The GSK share price is hovering near its highest level since January as Elliot Management pushes for more changes in the company. The GlaxoSmithKline stock ended the day at 1,438p, which is about 21% above the lowest level this year.
What happened: GSK, the giant company, has been under pressure that has seen it underperform many companies in its industry. The company plans to spin off its consumer products division in a bid to create value to shareholders. The company has already hired banks as it seeks to take that business public. However, some investors are not satisfied. Some want the company to separate into three companies. One will be the consumer division while the other one will be focused on vaccine development. The other company will have its traditional drugs company.

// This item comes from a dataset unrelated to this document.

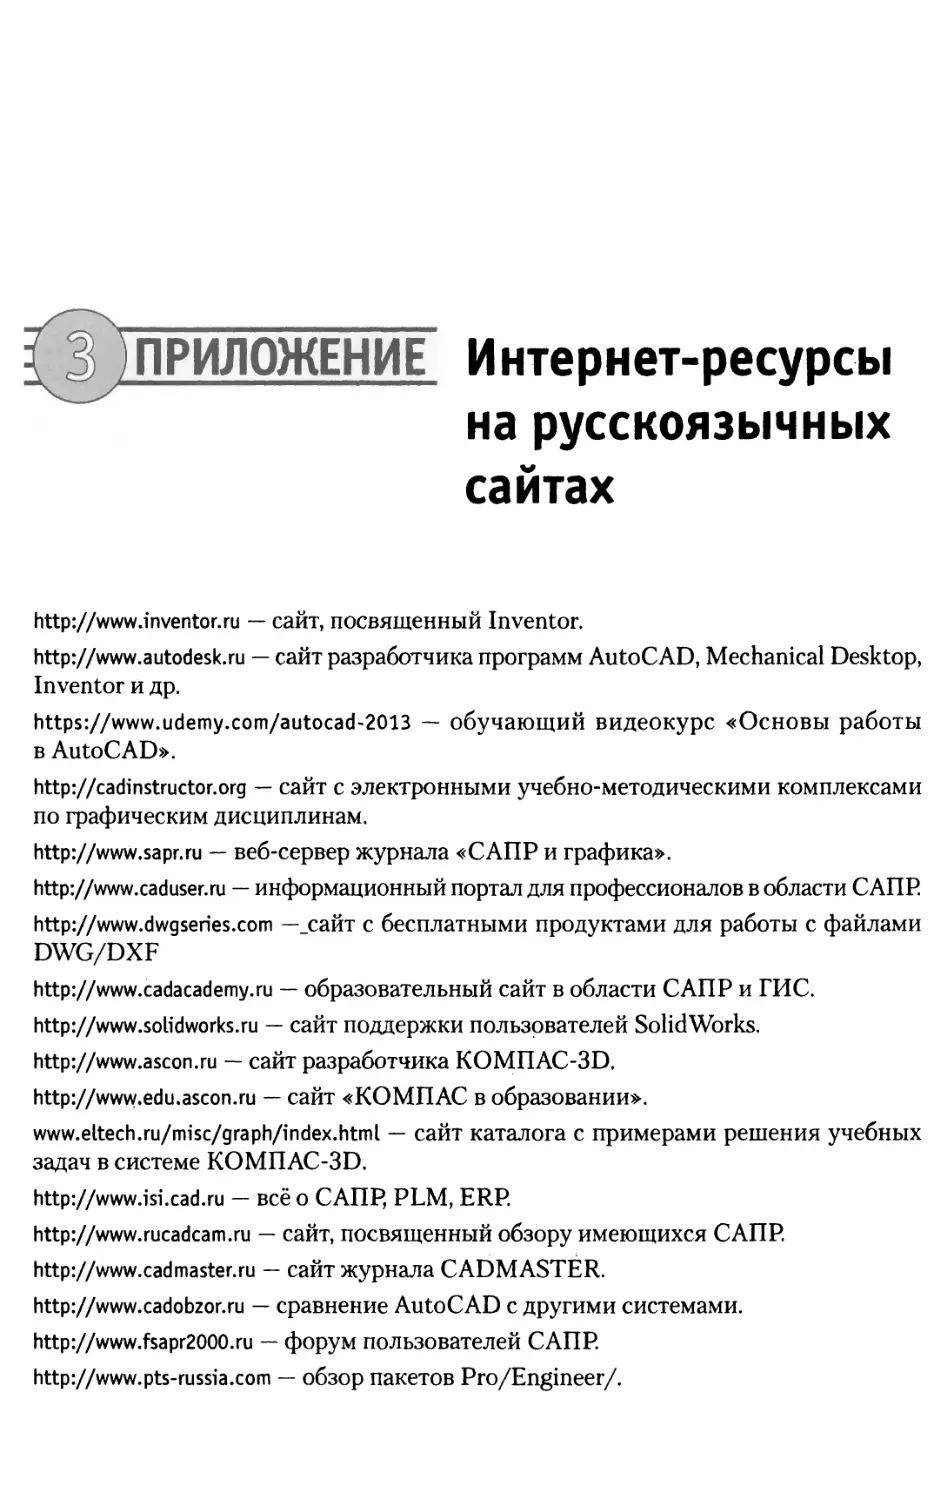 Приложение 3. Интернет-ресурсы на русскоязычных сайтах

In a statement this week, Elliot Management said that the company should scrap its plan to take the consumer business public. Instead, it should consider an outright sale to a private equity group for about 40 billion pounds. The hedge fund said that in a 17-page letter in which it criticized the CEO, Emma Walmsley. The company responded to the letter saying:
“The legacy issues that Elliott identifies in its letter are not new. They have all been identified by GSK since 2017. The transformation programme has been designed to address all of these legacy issues, and more.”
The daily chart shows that the GSK share price has been in a strong upward trend in the past few months. That has seen the shares move to the 38.2% Fibonacci retracement level. It has also climbed to the 25-day and 50-day exponential moving averages (EMA).
Also, it has formed an inverse head and shoulders pattern, which is usually a bullish thing. Therefore, the stock will likely keep rising as investors target the 50% Fibonacci retracement level at 1,520p. However, a drop below the 38.2% retracement level at 1,440p will invalidate this prediction.